> Exercise description
Restate the listing below word for word. No picture belongs in the result.

> Supplied information
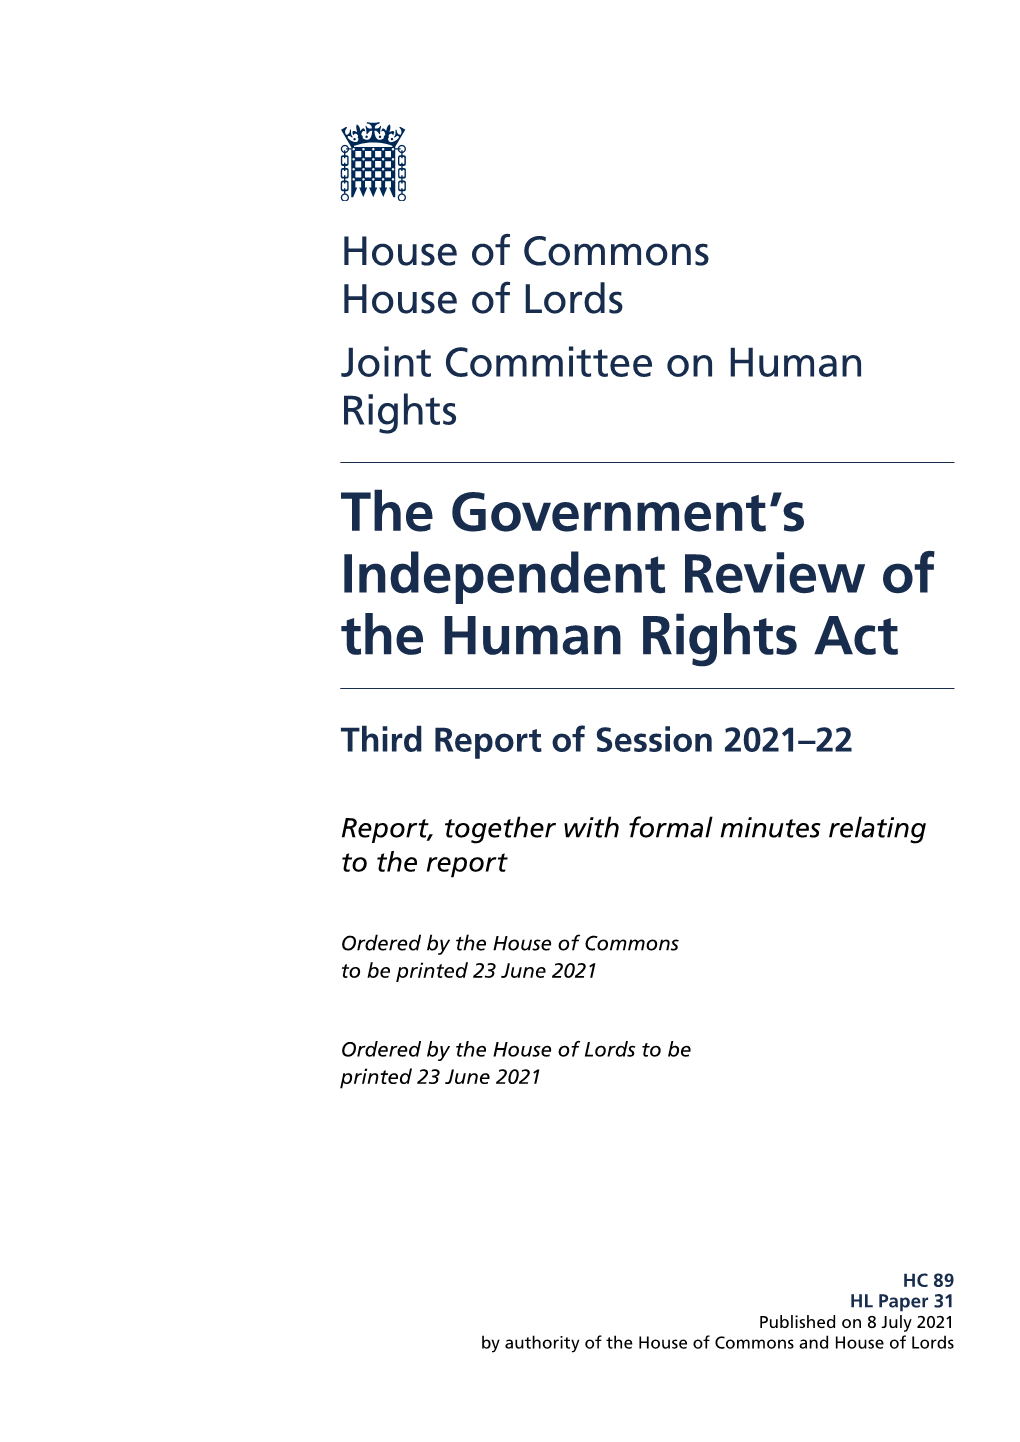 The Government's Independent Review of the Human Rights
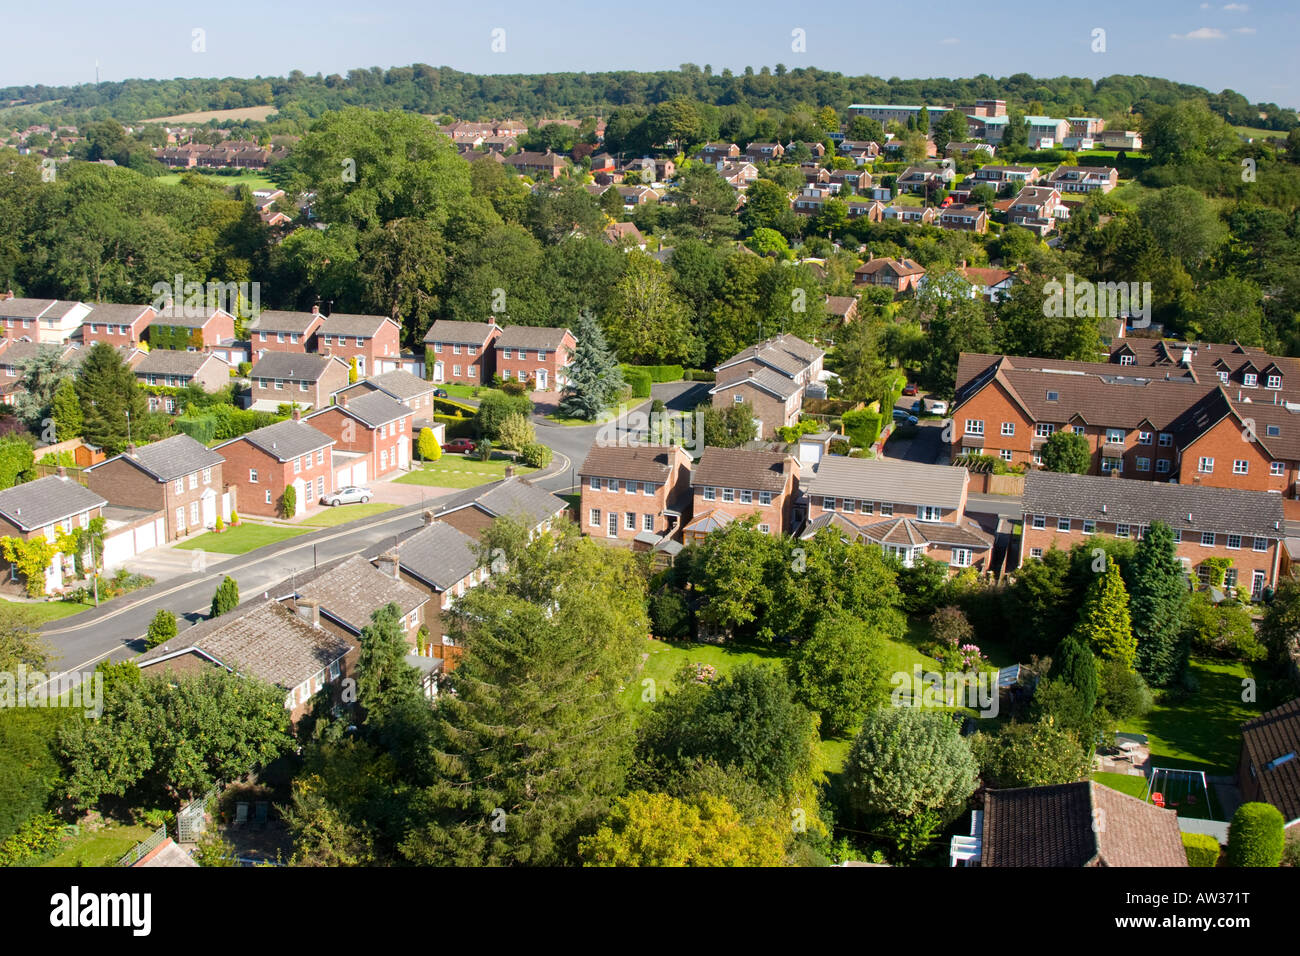 Aerial view across a residential housing estate in Marlborough St John s school in the background Stock Photo
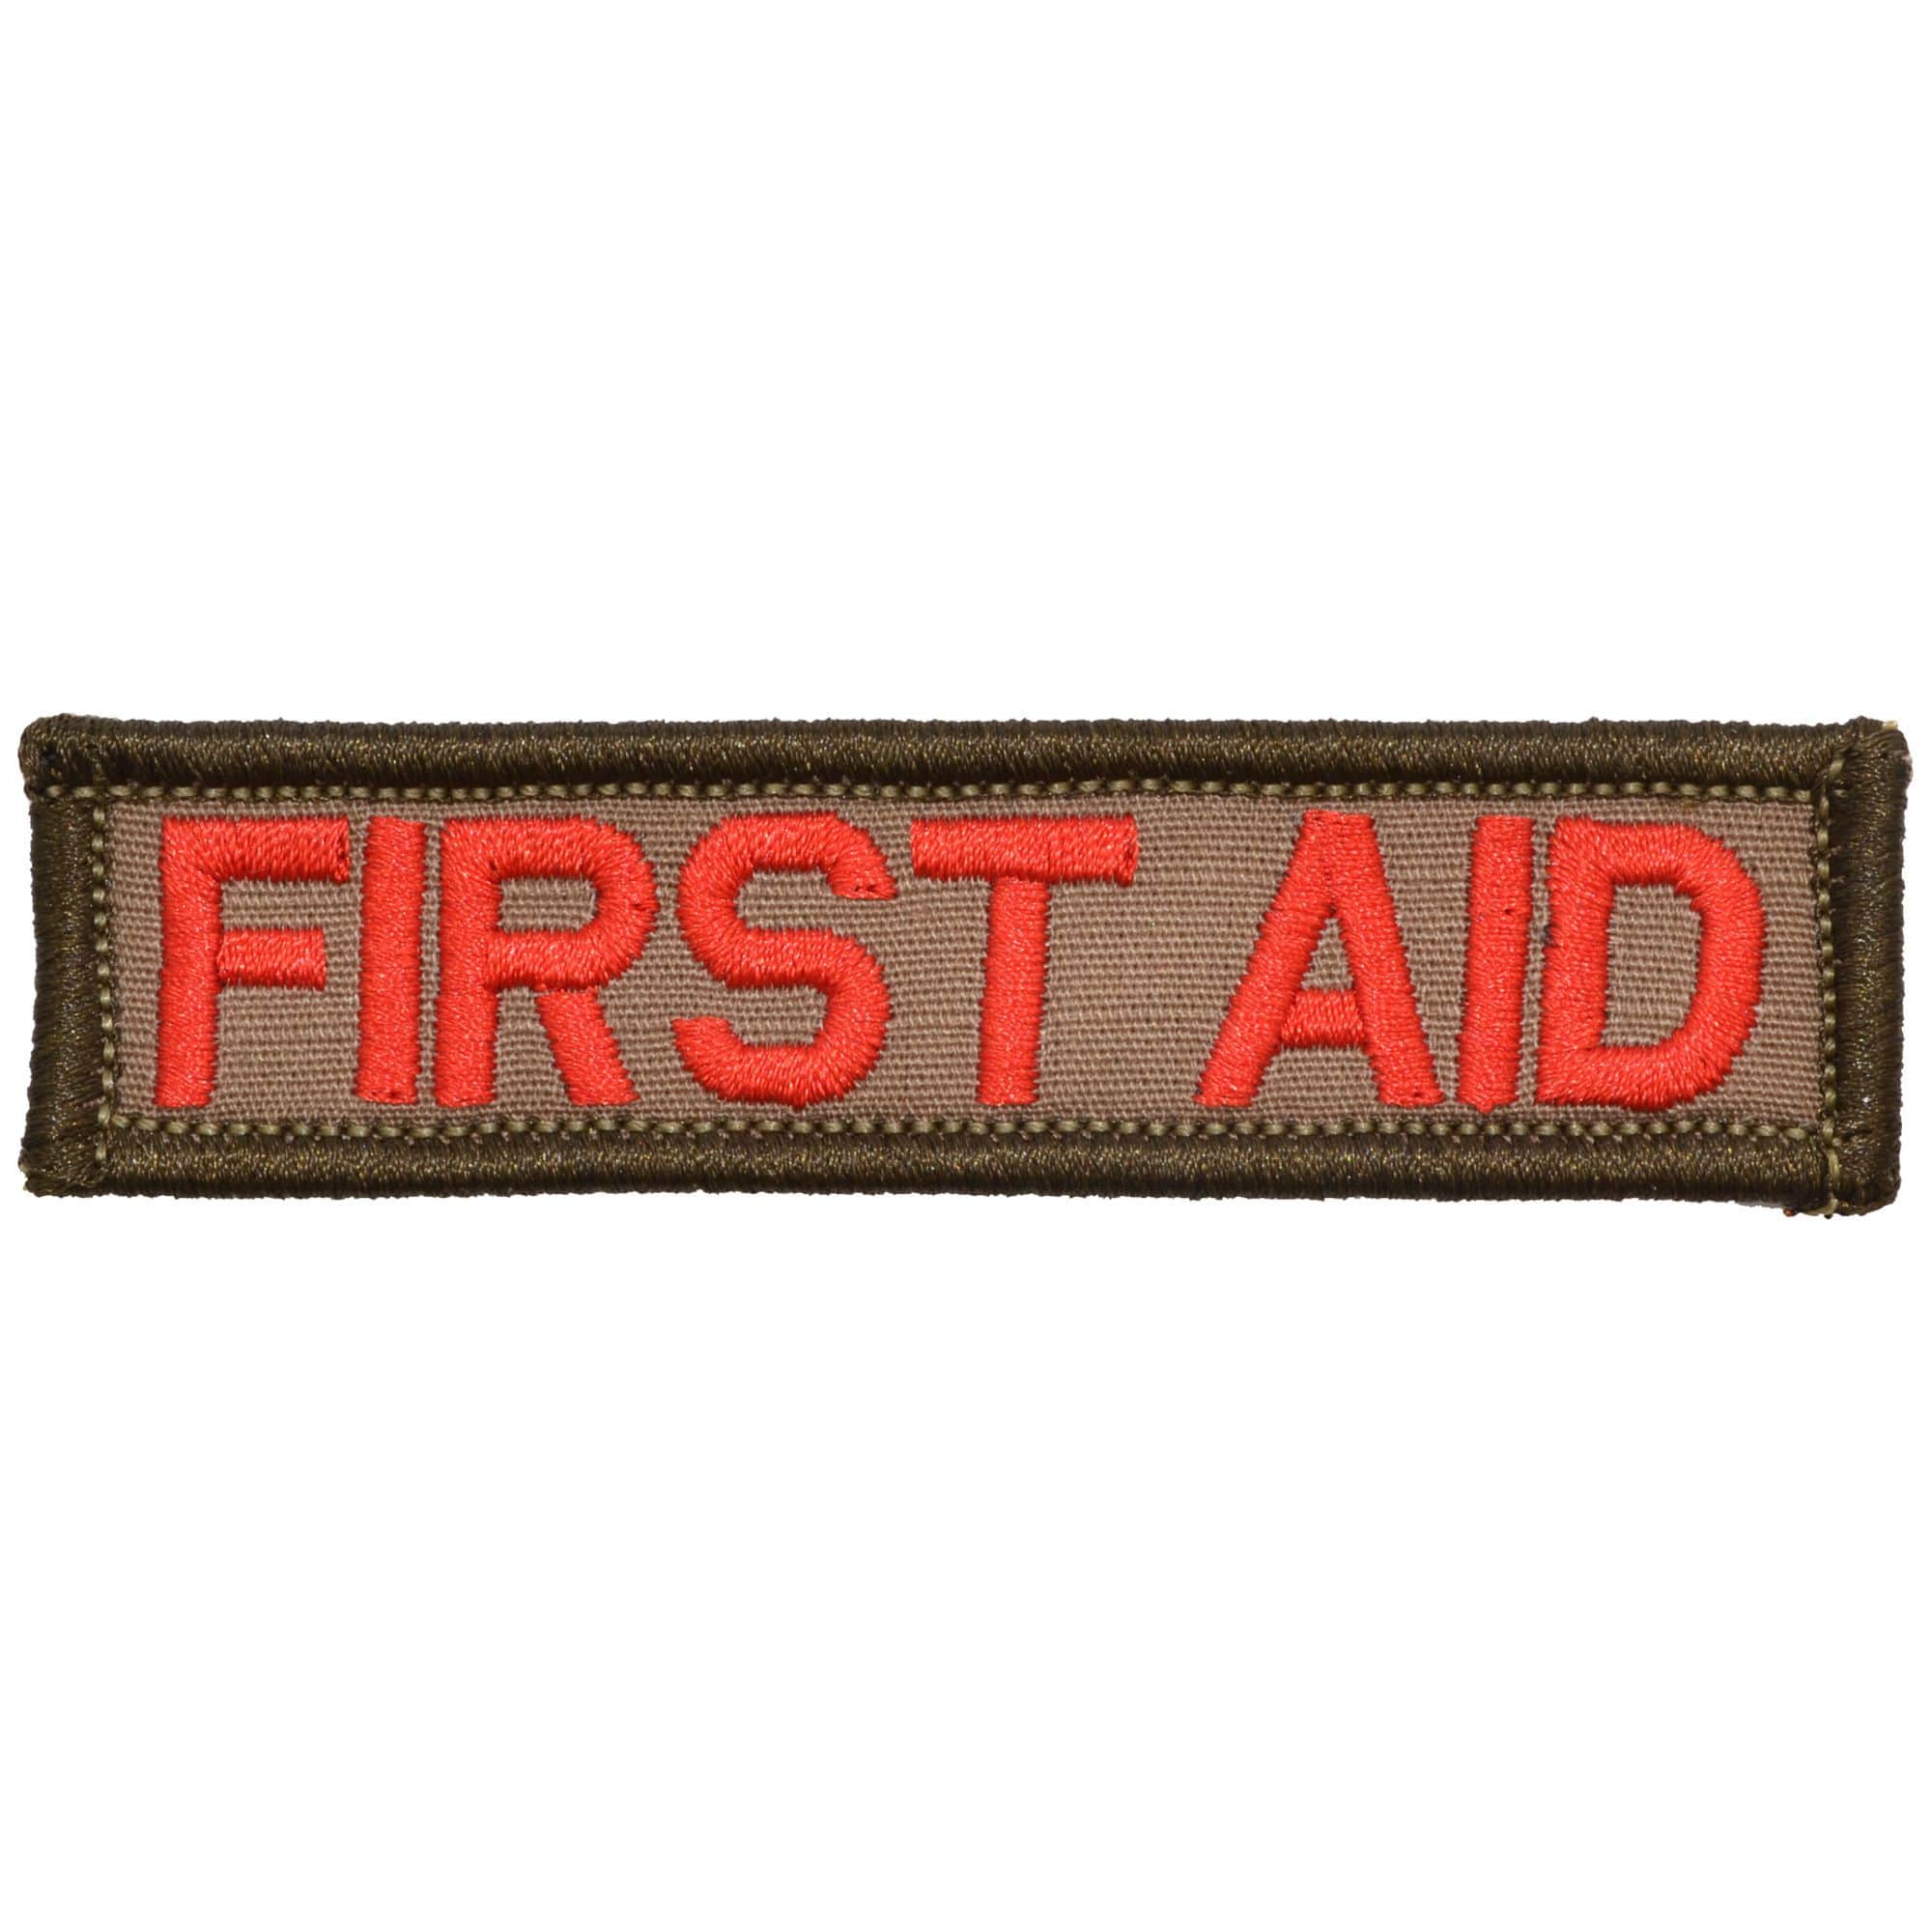 First Aid - 1x3.75 Patch
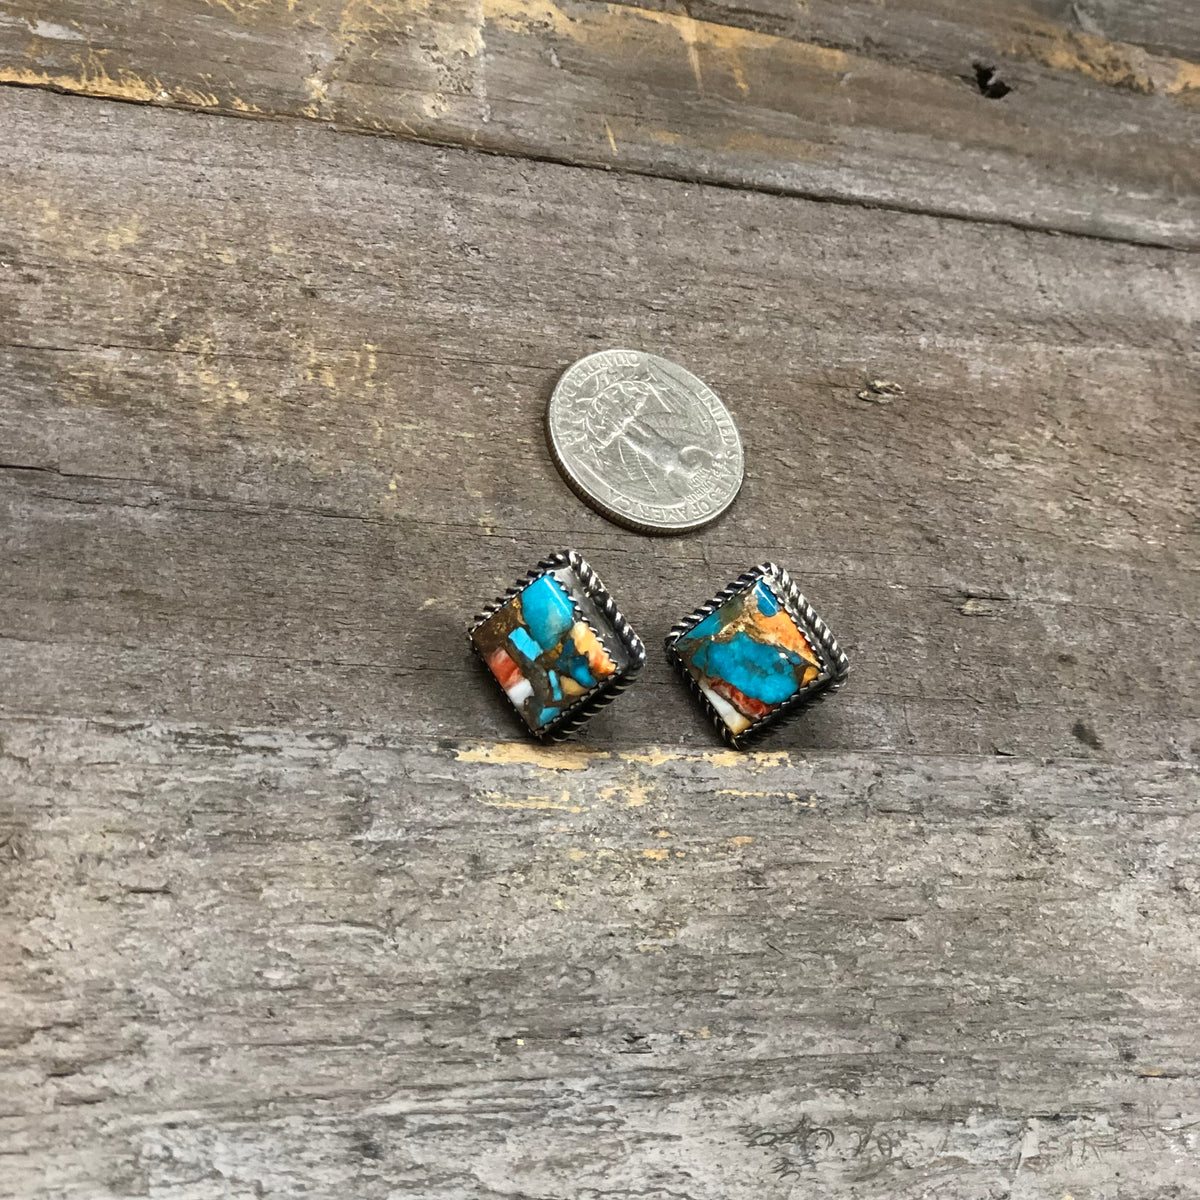 Handmade Navajo Sterling Silver, Kingman Turquoise, and Spiny Oyster Earrings

> Exercise result
 The Government's Independent Review of the Human Rights
 Aerial view across a residential housing estate in Marlborough St John s school in the background Stock Photo
 First Aid - 1x3.75 Patch
 Handmade Navajo Sterling Silver, Kingman Turquoise, and Spiny Oyster Earrings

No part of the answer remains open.